Motivation: Chimeric RNA transcripts are generated by different mechanisms including pre-mRNA trans-splicing, chromosomal translocations and/or gene fusions. It was shown recently that at least some of chimeric transcripts can be translated into functional chimeric proteins.
Results: To gain a better understanding of the design principles underlying chimeric proteins, we have analyzed 7,424 chimeric RNAs from humans. We focused on the specific domains present in these proteins, comparing their permutations with those of known human proteins. Our method uses genomic alignments of the chimeras, identification of the gene–gene junction sites and prediction of the protein domains.

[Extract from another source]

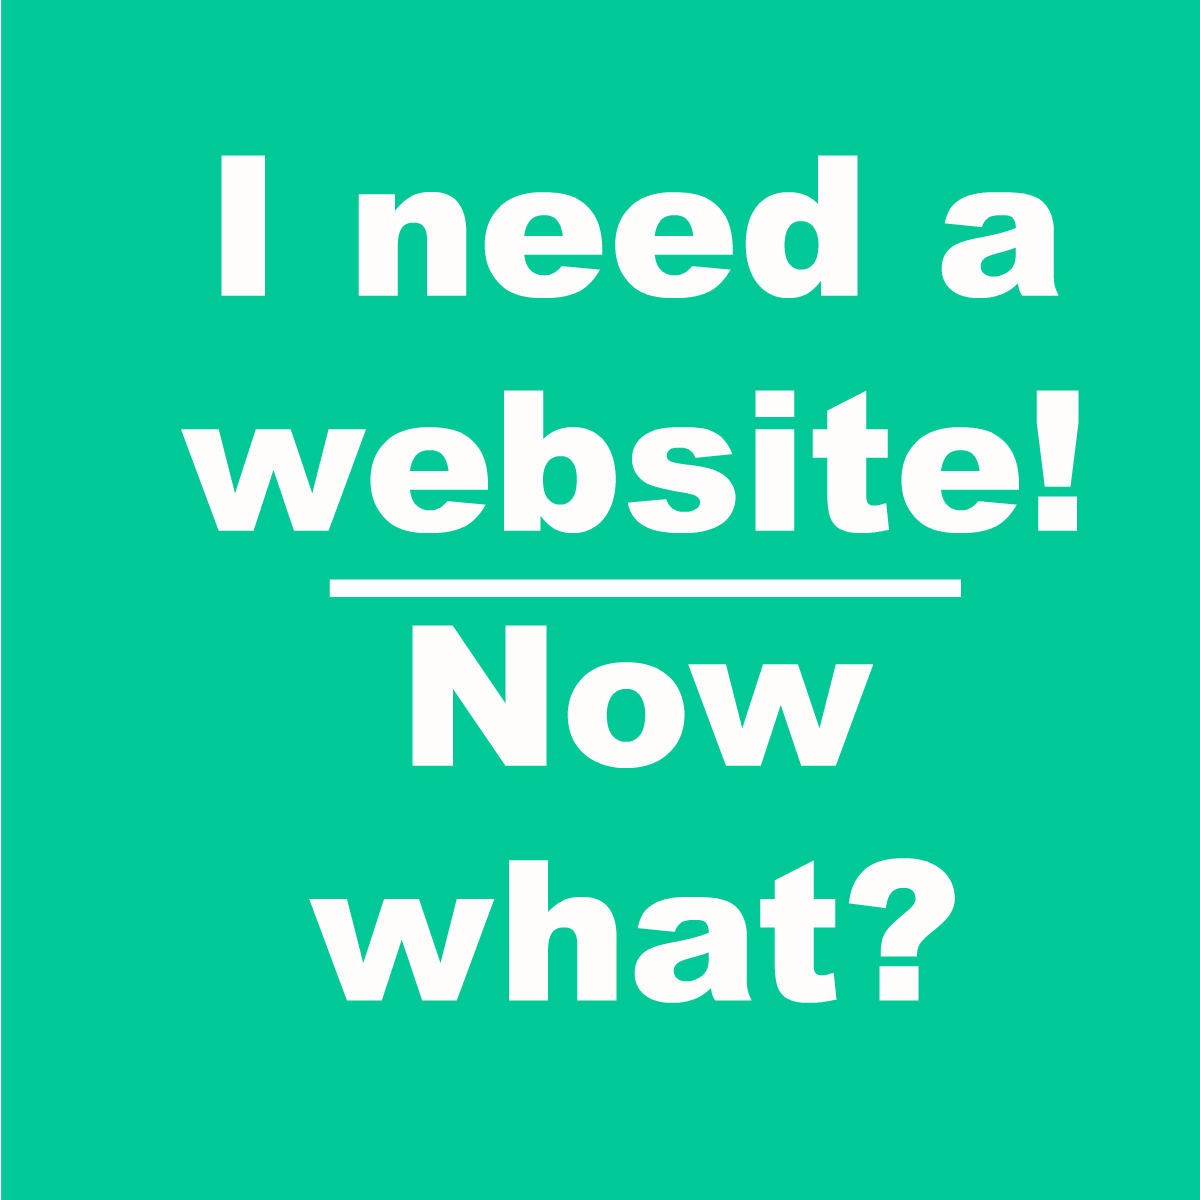 I need a website!  Now what?

We found that chimeras contain complete protein domains significantly more often than in random data sets. Specifically, we show that eight different types of domains are over-represented among all chimeras as well as in those chimeras confirmed by RNA-seq experiments. Moreover, we discovered that some chimeras potentially encode proteins with novel and unique domain combinations. Given the observed prevalence of entire protein domains in chimeras, we predict that certain putative chimeras that lack activation domains may actively compete with their parental proteins, thereby exerting dominant negative effects. More generally, the production of chimeric transcripts enables a combinatorial increase in the number of protein products available, which may disturb the function of parental genes and influence their protein–protein interaction network.
Availability: our scripts are available upon request.
Supplementary data are available at Bioinformatics online.